_Saved entries_
■ ■ ■ ■ ■
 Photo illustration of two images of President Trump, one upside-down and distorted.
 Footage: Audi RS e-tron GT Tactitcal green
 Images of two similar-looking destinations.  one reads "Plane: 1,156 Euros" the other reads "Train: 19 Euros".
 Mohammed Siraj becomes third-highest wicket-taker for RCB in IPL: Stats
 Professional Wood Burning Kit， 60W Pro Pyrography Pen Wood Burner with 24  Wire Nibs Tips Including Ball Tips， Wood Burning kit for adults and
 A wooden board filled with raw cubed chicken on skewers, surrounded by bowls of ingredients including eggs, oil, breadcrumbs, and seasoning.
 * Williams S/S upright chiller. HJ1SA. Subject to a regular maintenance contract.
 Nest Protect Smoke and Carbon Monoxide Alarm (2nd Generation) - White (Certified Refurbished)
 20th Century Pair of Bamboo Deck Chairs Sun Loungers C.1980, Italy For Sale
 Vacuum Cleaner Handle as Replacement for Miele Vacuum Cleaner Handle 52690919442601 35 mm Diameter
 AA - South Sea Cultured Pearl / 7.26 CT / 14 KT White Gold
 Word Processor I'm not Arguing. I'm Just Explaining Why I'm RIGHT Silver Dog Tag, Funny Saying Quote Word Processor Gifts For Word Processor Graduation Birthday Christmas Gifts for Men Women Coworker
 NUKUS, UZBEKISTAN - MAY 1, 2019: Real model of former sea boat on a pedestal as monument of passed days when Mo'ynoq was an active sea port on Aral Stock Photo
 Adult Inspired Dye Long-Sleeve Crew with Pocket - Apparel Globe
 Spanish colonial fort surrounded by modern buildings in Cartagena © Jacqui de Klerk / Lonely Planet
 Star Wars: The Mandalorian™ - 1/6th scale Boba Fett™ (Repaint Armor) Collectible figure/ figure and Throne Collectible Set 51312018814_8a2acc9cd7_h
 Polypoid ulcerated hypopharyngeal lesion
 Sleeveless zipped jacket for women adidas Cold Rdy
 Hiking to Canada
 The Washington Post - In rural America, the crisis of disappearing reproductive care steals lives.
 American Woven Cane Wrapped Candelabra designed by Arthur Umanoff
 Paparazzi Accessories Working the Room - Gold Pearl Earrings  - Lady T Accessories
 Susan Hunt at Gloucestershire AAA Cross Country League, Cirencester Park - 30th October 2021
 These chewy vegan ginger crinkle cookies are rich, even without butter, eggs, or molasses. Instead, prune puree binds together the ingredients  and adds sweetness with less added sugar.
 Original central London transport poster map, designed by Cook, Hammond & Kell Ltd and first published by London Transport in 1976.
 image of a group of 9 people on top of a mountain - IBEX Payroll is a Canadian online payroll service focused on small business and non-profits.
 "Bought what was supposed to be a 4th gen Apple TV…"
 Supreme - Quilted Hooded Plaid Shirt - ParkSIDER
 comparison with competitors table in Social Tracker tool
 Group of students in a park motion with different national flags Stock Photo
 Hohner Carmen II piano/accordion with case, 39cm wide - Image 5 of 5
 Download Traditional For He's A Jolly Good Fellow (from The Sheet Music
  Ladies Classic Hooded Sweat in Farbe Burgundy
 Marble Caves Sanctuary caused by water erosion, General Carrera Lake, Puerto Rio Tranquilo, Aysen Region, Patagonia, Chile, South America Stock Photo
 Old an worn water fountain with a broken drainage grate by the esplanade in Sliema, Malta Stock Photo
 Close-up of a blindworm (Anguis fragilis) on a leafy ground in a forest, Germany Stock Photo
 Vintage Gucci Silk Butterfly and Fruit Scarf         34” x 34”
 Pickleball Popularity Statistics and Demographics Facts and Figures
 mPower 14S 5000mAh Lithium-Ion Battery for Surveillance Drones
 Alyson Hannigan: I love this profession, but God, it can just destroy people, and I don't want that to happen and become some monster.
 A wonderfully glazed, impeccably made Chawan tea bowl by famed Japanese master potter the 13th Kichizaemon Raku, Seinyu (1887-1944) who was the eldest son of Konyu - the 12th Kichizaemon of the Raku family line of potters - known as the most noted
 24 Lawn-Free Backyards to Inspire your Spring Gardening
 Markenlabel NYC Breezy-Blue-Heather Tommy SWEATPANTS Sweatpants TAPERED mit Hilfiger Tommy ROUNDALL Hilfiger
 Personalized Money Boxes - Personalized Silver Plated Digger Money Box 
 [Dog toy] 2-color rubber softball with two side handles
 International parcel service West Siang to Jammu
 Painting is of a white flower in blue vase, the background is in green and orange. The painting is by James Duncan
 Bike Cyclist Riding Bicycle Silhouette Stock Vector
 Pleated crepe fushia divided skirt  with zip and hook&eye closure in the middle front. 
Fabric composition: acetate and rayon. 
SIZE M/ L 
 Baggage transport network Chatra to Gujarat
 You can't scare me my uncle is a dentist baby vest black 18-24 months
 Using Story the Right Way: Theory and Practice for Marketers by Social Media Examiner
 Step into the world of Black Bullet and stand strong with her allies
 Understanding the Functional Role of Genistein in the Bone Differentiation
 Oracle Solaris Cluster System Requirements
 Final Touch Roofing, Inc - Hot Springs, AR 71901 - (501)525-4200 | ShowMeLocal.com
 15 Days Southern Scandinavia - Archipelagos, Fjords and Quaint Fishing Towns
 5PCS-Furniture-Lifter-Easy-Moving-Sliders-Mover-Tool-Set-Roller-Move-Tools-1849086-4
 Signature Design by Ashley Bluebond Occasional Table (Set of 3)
■ ■ ■ ■ ■
_ACTIVITY_
All that is wanted is a faithful reproduction of the line above with "AA - South Sea", the line with "Word Processor I'm", and every line in between.

_RESPONSE BOX_
 AA - South Sea Cultured Pearl / 7.26 CT / 14 KT White Gold
 Word Processor I'm not Arguing. I'm Just Explaining Why I'm RIGHT Silver Dog Tag, Funny Saying Quote Word Processor Gifts For Word Processor Graduation Birthday Christmas Gifts for Men Women Coworker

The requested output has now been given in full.